SQL Server Integration Services Design Patterns, Second Edition (2014)

Chapter 9. XML Patterns

XML is a popular format for exchanging data between systems. SSIS provides an XML Source adapter, but because of the flexible nature of XML, it can sometimes be tricky to get your data to fit into the tabular format that the SSIS data flow expects. This chapter describes the formats that work best with the XML Source and two alternative patterns for reading XML data with SSIS.

Using the XML Source

Like most Data Flow components, the XML Source component requires column metadata to be set at design time. This is done using an XML schema file (.xsd). The XML Source component uses the XML structure defined in the schema to create one or more outputs, and it also uses the element and attribute data types to set the column metadata. Changing the schema file will refresh the component’s metadata and may cause validation errors if you have already mapped some of its outputs.

If you don’t already have an XML schema defined for your document, SSIS can generate one for you. Click the Generate Schema button on the XML Source editor UI, and the component will infer the schema from the current document. Note that although this schema is guaranteed to work with the current XML file, it might not work for others if optional elements or values are longer than expected. You may need to modify the generated schema file by hand to ensure that the minOccurs and maxOccurs attribute values are correct for each element and that the data types were set correctly.

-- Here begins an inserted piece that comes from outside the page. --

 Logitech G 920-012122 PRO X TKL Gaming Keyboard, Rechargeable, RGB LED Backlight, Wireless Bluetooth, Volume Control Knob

The XML Source is easiest to use when your input file has a simple element/subelement structure. Listing 9-1 shows an example of that structure.

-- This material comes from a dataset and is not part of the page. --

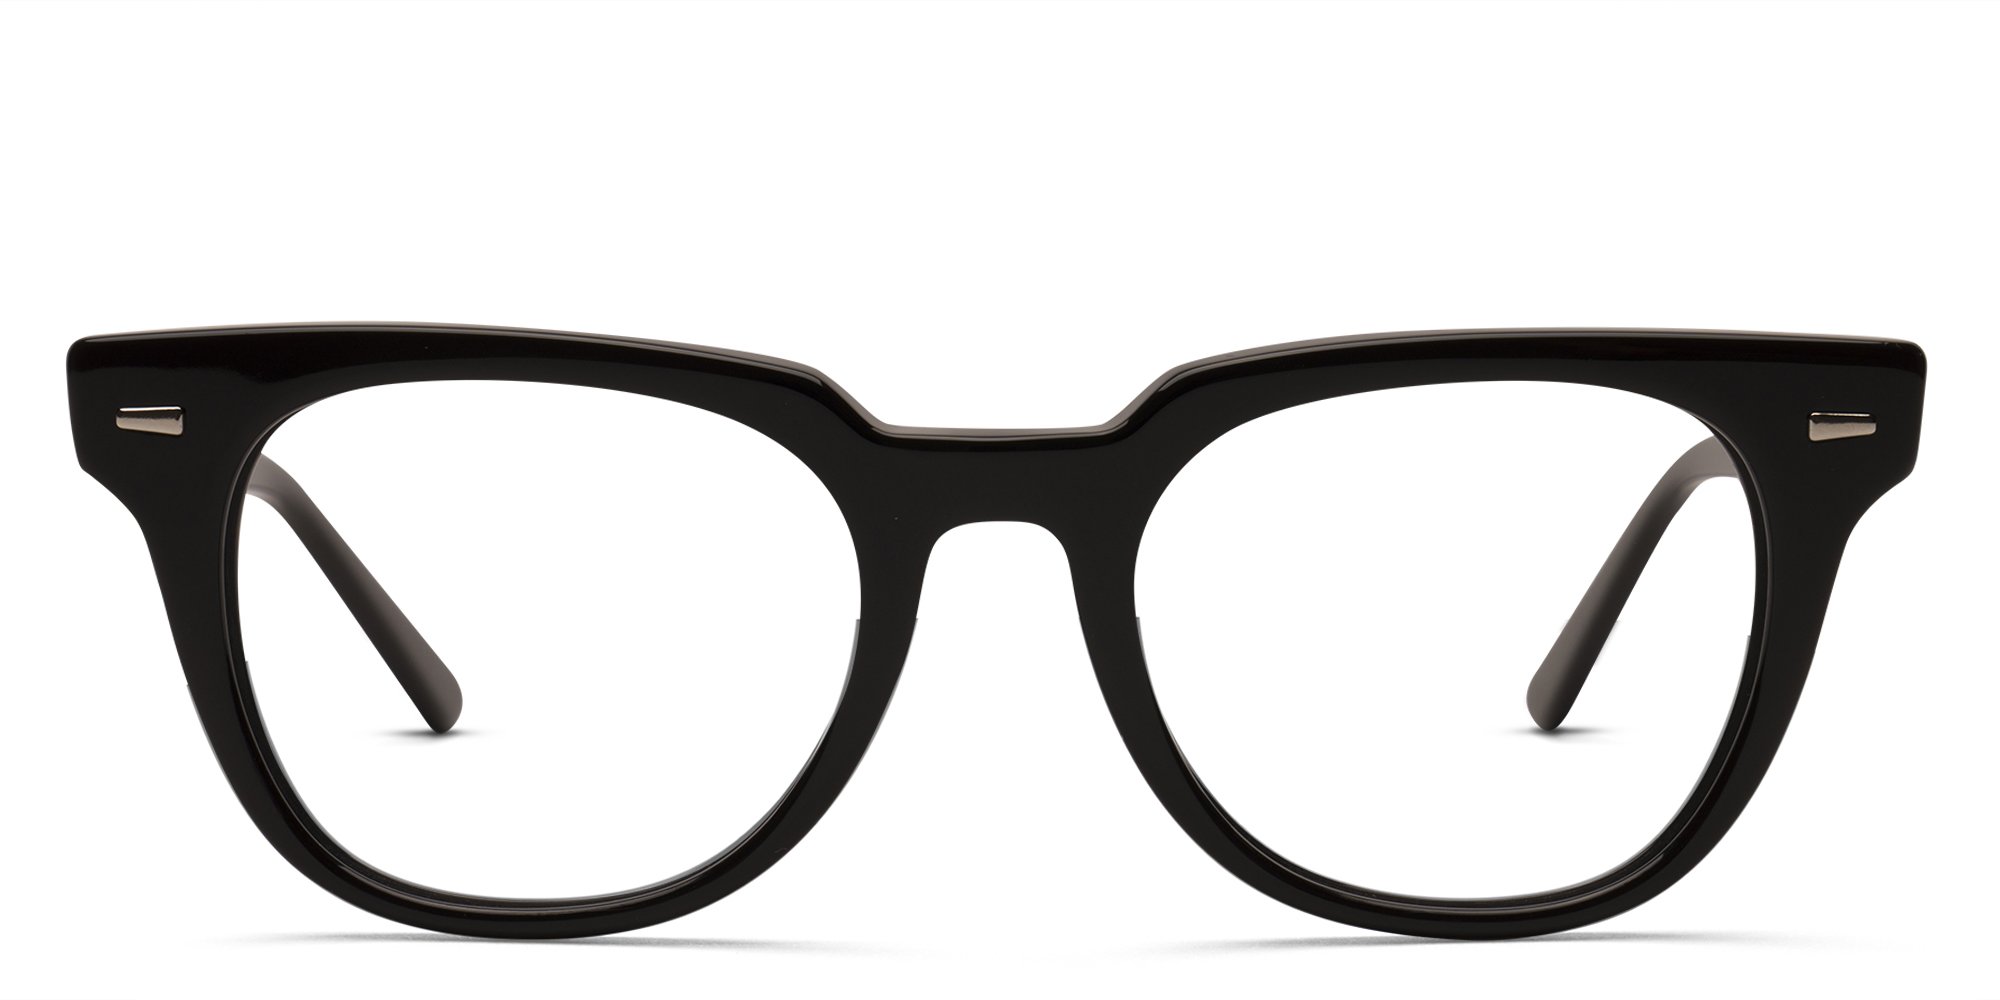 Glasses Main Image

Listing 9-1. Simple XML Format Using Elements

<root>
    <node>
        <subnode>value</subnode>
        <anothersubnode>1</anothersubnode>
    </node>
    <node>
        <subnode>value</subnode>
        <anothersubnode>2</anothersubnode>
    </node>
</root>

Alternatively, the XML Source works well when values are listed as attributes, as shown in Listing 9-2. This format is similar to the output you would get from a SELECT ... FROM XML RAW statement in SQL Server.

Listing 9-2. Simple XML Format Using Attributes

<root>
   <row CustomerID="1" TerritoryID="1" AccountNumber="AW00000001" />
   <row CustomerID="2" TerritoryID="1" AccountNumber="AW00000002" />
</root>

Dealing with Multiple Outputs

The XML samples in Listings 9-1 and 9-2 will produce a single output in the XML Source. If your XML format has multiple levels of nested elements, the XML Source will start to produce more than one output. These outputs will be linked by automatically generated _Id columns, which you may need to join further downstream using a Merge Join transform.

Image Note  This pattern works well if you have a single level of nested XML elements that you need to join. If you have multiple levels of XML elements and you need to join more than two of the XML Source outputs, you’ll need to use the Sort transform.

Listing 9-3 contains an XML document with customer information. We’ll use this document as our example for the remainder of the chapter.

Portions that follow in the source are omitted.